# Is there any way to change ip adress for using BBC iPlayer

## Achille

BBC iPlayer doesnt' allow to watch programmes, if you are located outside UK.

http://www.bbc.co.uk/iplayer/

Is there any way to bypass this restriction?

----------

## fabien29200

Maybe using a proxy in the UK could work.

----------

## Achille

I've read elsewhere that it could work, but it doesn't work for me, unless I don't configure it right.

----------

## fabien29200

AFAIK it's the only way to change its IP on Internet.

----------

## Achille

Would you be so kind to explain me how to find a proxy server located in the UK?

----------

## pteppic

http://www.publicproxyservers.com/

----------

## Achille

Finally, I got it working!

The main problem is to found a working proxy server located in Great Britain.

Some hours ago before I posted this topic, I visited the web page pteppic gave, and I didn't find any working server. Then following again this link, I found only one proxy server in UK, but it worked.

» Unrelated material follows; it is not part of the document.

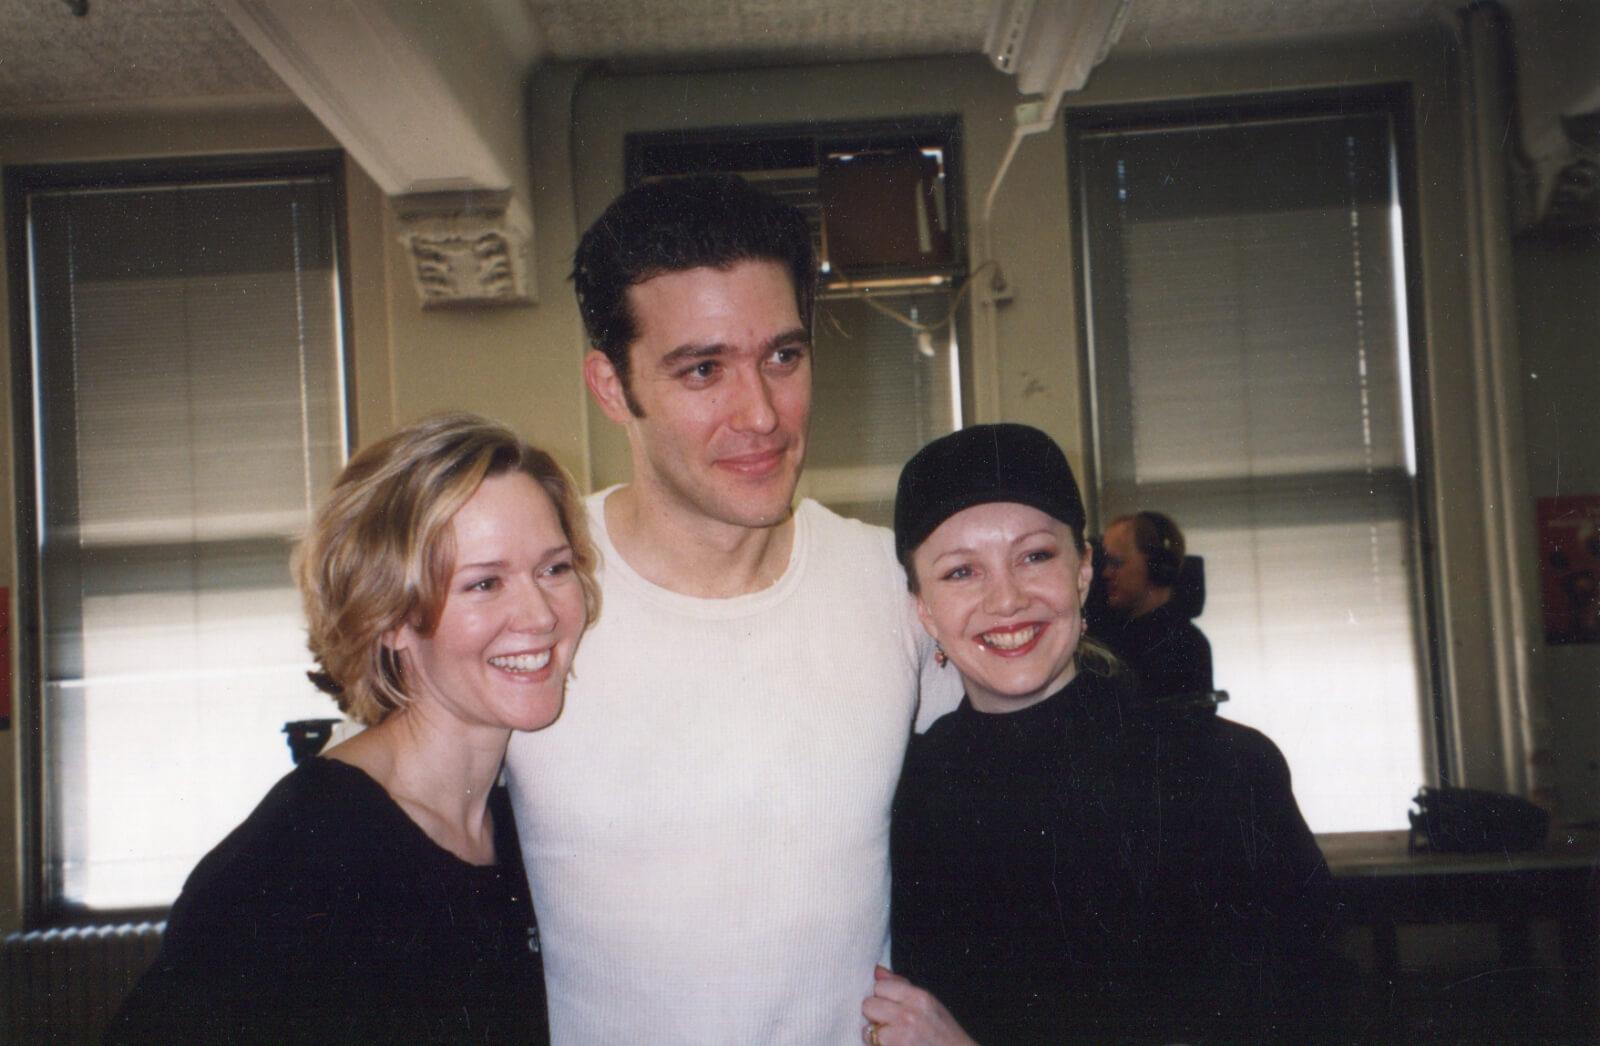 Rebecca Luker, Craig Bierko and Susan Stroman in rehearsal for The Music Man.

Thank you very much for your help.

----------

## wizard69

i just gave it a try and yes it works for me. From Berlin with a UK proxy. If you use firefox have a look at foxyproxy

https://addons.mozilla.org/de/firefox/addon/2464

----------

## Havin_it

1) Apply for UK citizenship/residency/asylum

2) Get a permanent address in the UK

3) Pay a ~£110/year fee for the TV Licence.

Sorry but the reason non-UK IPs are denied access is because it is a public-sector broadcaster paid for by UK citizens via the licence fee. Watching it from outside the UK (unless via a licensed affiliate broadcaster in your country) is illegal. I'm just sayin'.

----------

## jonfr

 *Achille wrote:*   

> BBC iPlayer doesnt' allow to watch programmes, if you are located outside UK.
> 
> http://www.bbc.co.uk/iplayer/
> 
> Is there any way to bypass this restriction?

 

If you are in Europe, get a sat dish and point it to 28,2E.   :Wink: 

----------